The equilibrium constant for this reaction at standard conditions is $K_w = [\ce{H3O+}][\ce{OH-}] \approx 1.0 \cdot 10^{-14}$. In pure water, $[\ce{H3O+}] = [\ce{OH-}]$, hence $[\ce{H3O+}] = \sqrt{K_w} \approx 1.0 \cdot 10^{-7}\ \textrm{M}$.

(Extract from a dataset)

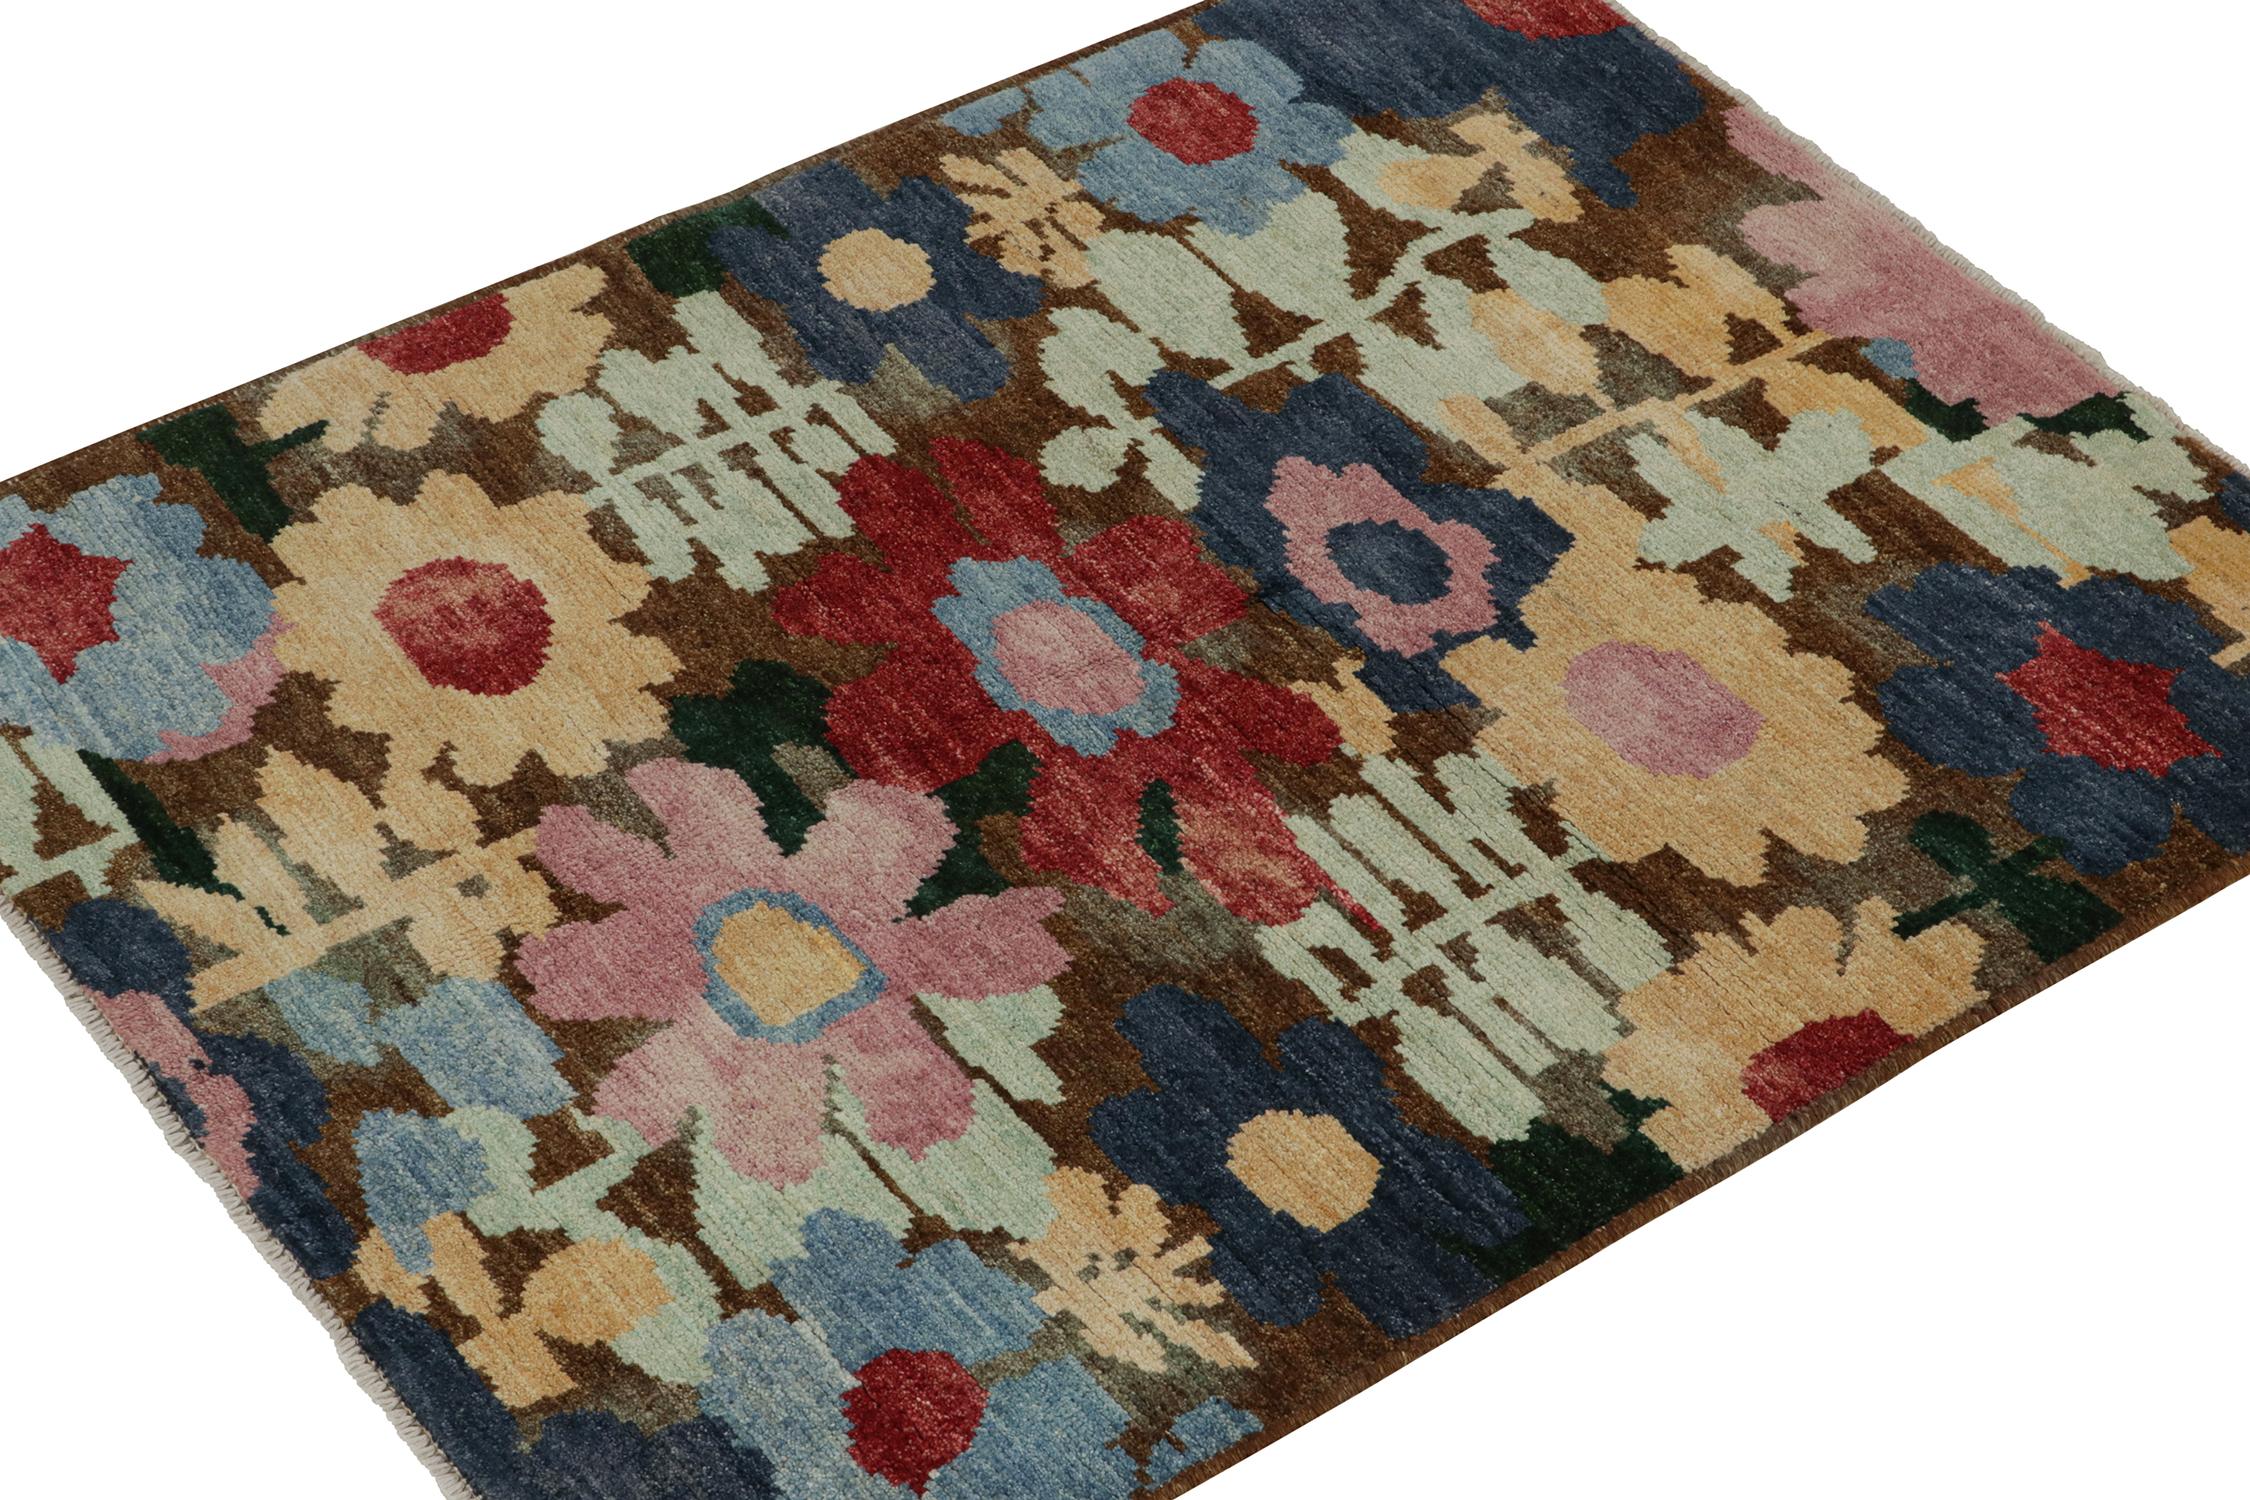 Hand-knotted in wool, a 4x5 contemporary rug from the latest unveilings of Rug & Kilim’s New & Modern Collection. 

On the Design: This refreshing piece enjoys multicolor florals in a playful, painterly take on botanical designs. The beautiful play

Suppose we dilute a solution with some initial concentration of $[\ce{H3O+}]_i = \frac{n_i}{V_i}$, where $n_i$ is the initial number of moles of $\ce{H3O+}$ and $V_i$ is the initial volume. If I now add a volume $\Delta V$ of pure water (which would contain $(1.0 \cdot 10^{-7}) \cdot \Delta V$ moles of $\ce{H3O+}$) the resulting final concentration can be crudely approximated as:

$$ [\ce{H3O+}]_f \approx \frac{n_i + (1.0 \cdot 10^{-7}) \cdot \Delta V}{V_i + \Delta V} $$

We can see what value this expression approaches as we make the solution more and more dilute by taking the limit as $\Delta V \to \infty$:

$$ \lim_{\Delta V \to \infty} \frac{n_i + (1.0 \cdot 10^{-7}) \cdot \Delta V}{V_i + \Delta V} = 1.0 \cdot 10^{-7} $$

Therefore, $[\ce{H3O+}]$ tends towards $1.0 \cdot 10^{-7}$ with further dilution, so $pH$ will approach a value of $7.0$.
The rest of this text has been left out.